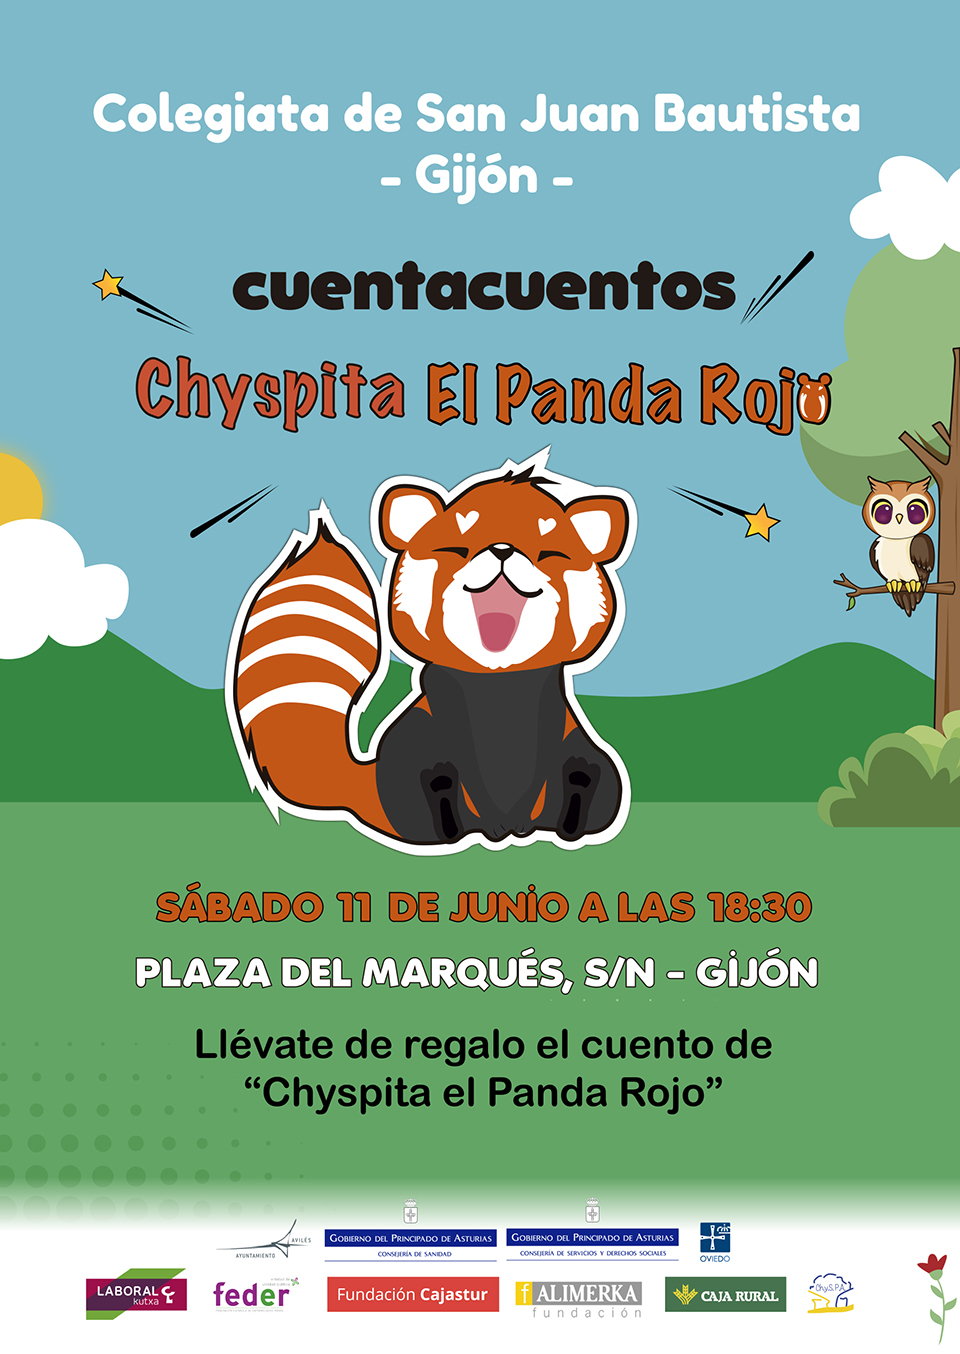 Cuentacuento Chyspita el panda rojo en Gijón, en Colegiata de San Juan Bautista el 11 de junio a las 18:30h
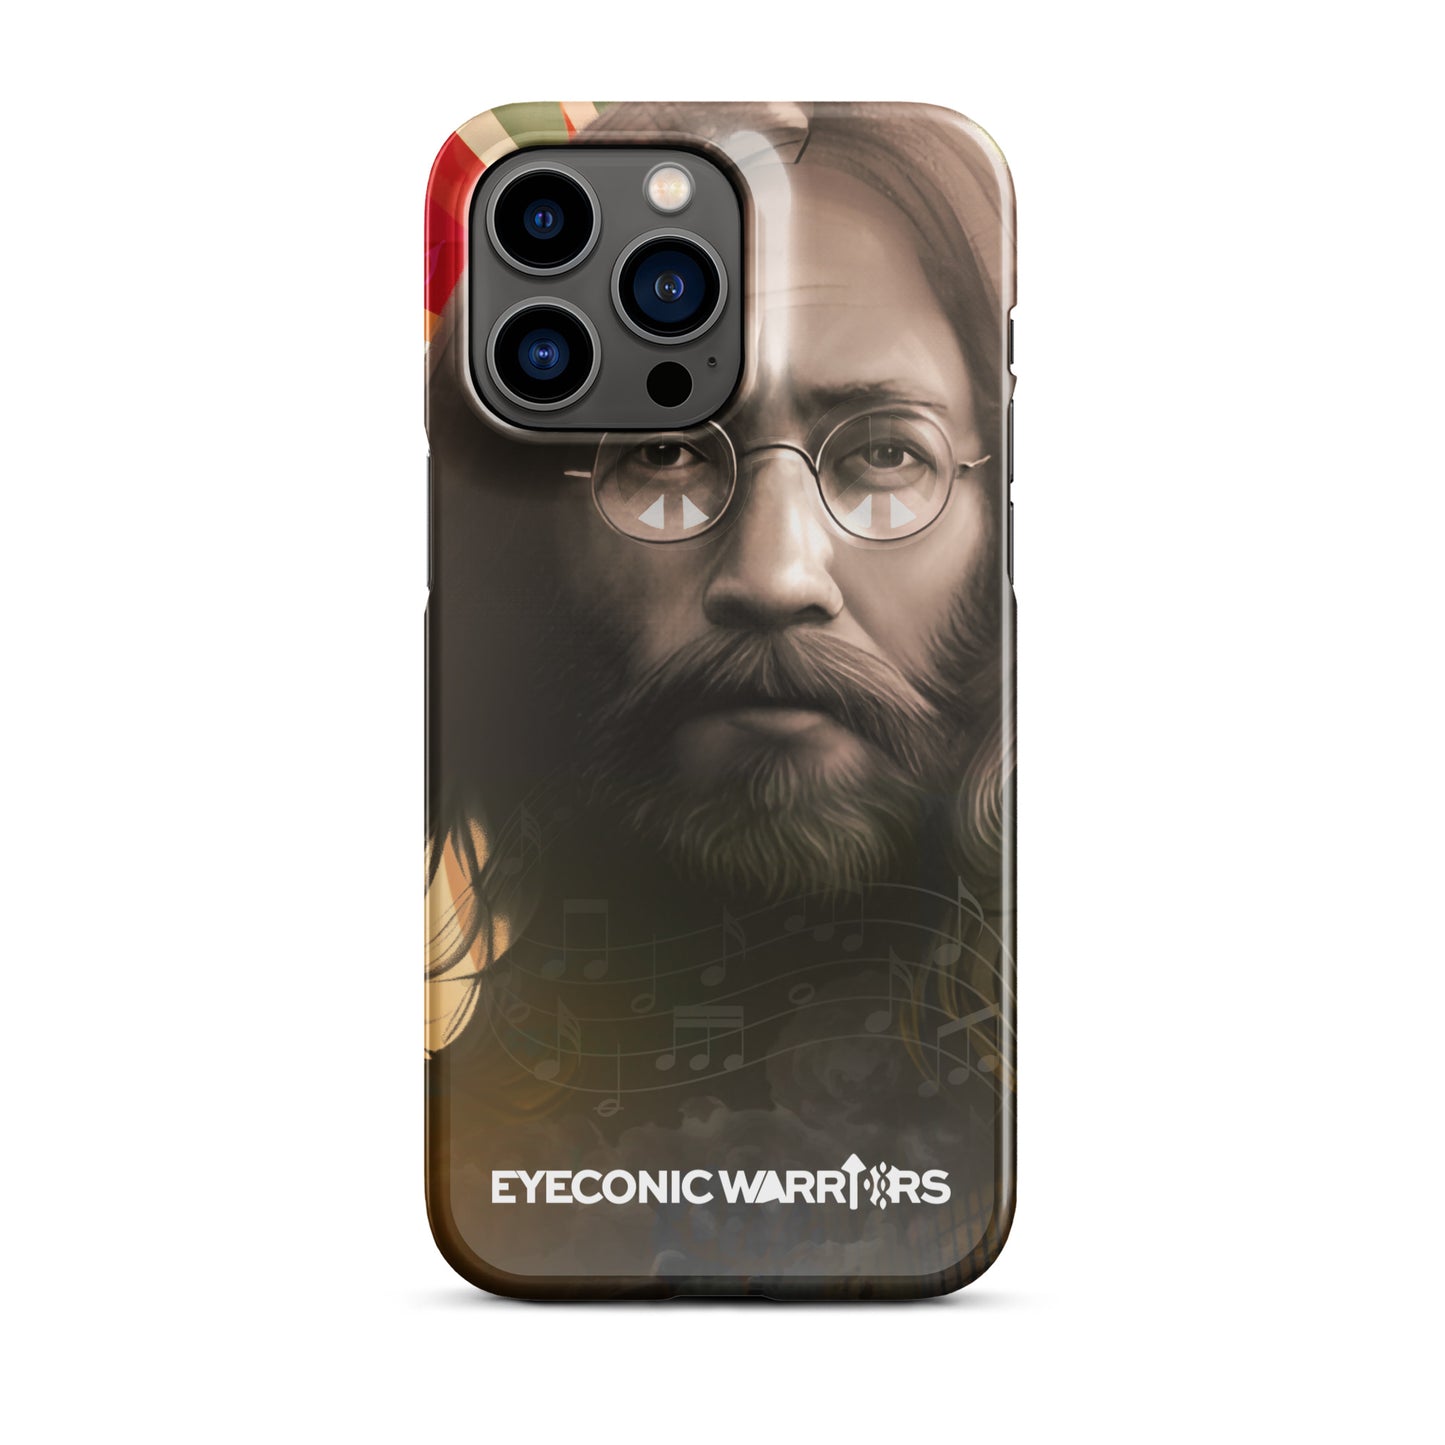 John Lennon Inspired Custom iPhone Case - Art for Change
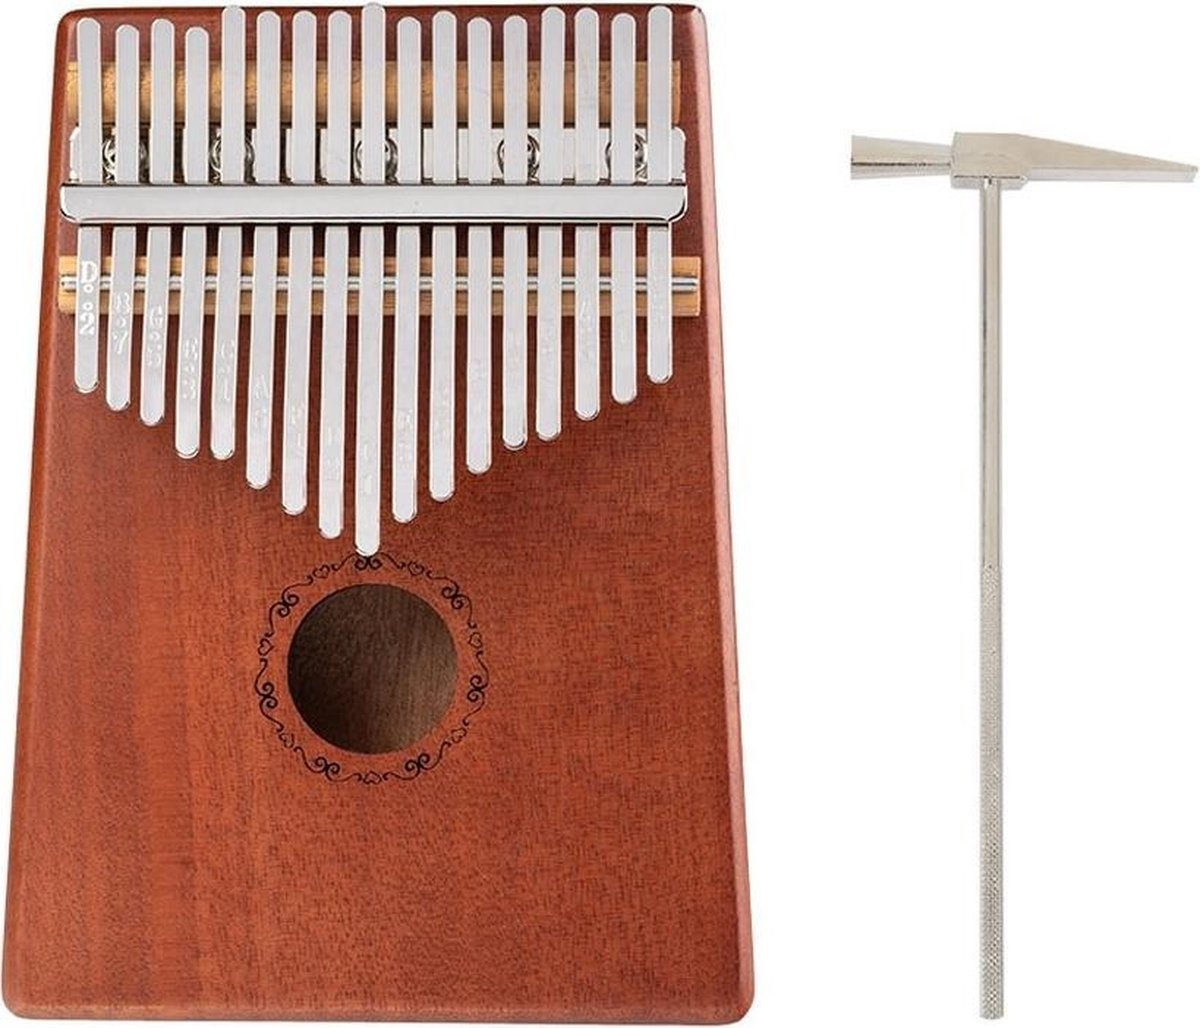 Ritmi Kalimba Set - Duimpiano - Muziekinstrument - Gemaakt van Mahonihout - 17 Tonen - Complete Set Inclusief Accessoires - Leuk Cadeau voor Man / Vrouw en Kind - Houtbruin
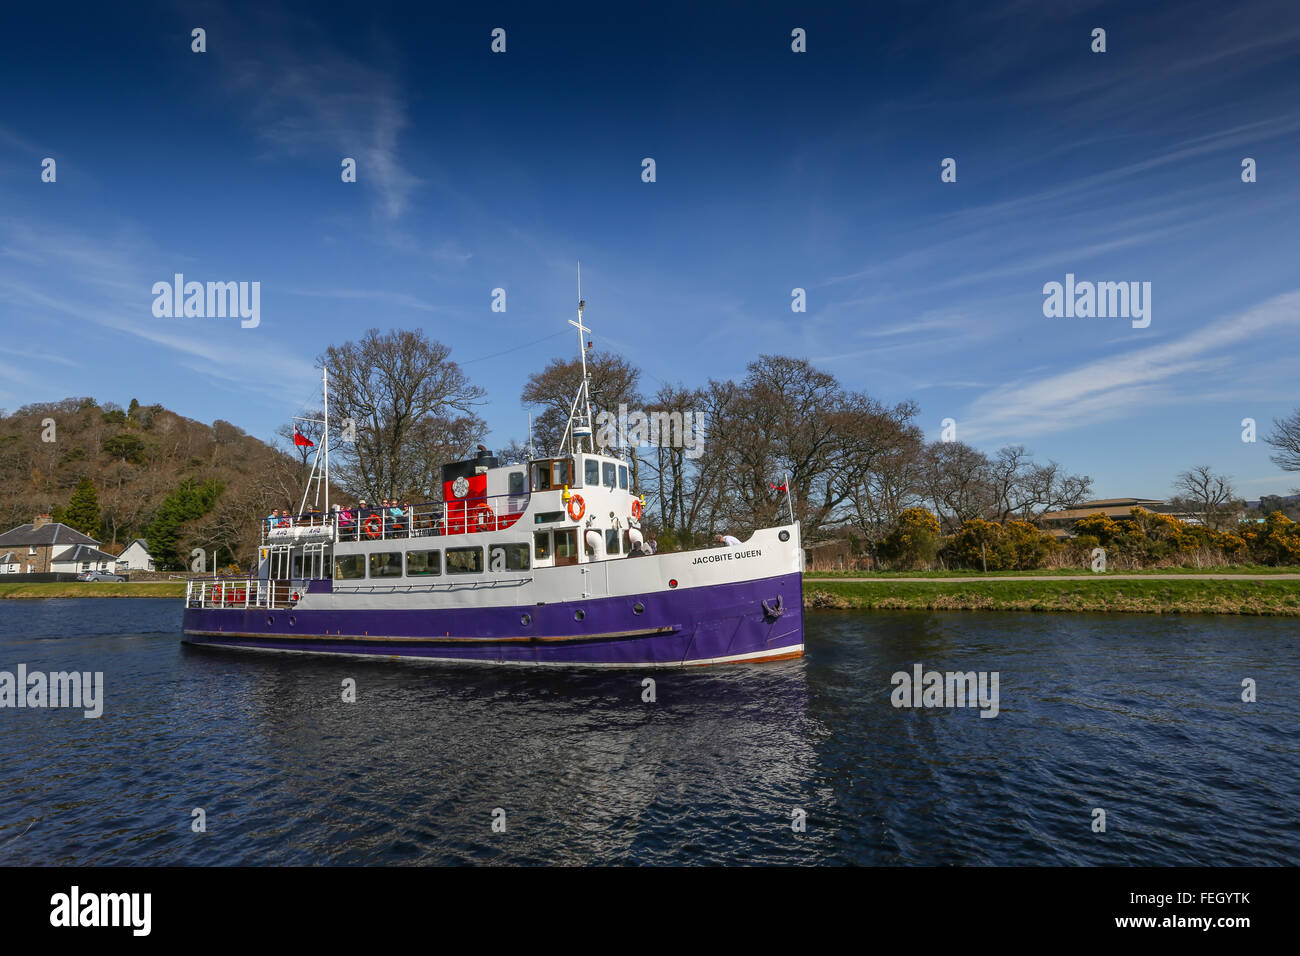 Jacobite Queen Tourenboot Segeln nach Loch Ness vor den Toren der Stadt Inverness in den Highlands von Schottland, UK Stockfoto

----------------

→ Problem: Pictures excluded, output exactly the line that contains "Ritmi Kalimba Set" and every line after it to the end of the data above.

→ Solution below:
 Ritmi Kalimba Set - Duimpiano - Muziekinstrument - Gemaakt van Mahonihout - 17 Tonen - Complete Set Inclusief Accessoires - Leuk Cadeau voor Man / Vrouw en Kind - Houtbruin
 Jacobite Queen Tourenboot Segeln nach Loch Ness vor den Toren der Stadt Inverness in den Highlands von Schottland, UK Stockfoto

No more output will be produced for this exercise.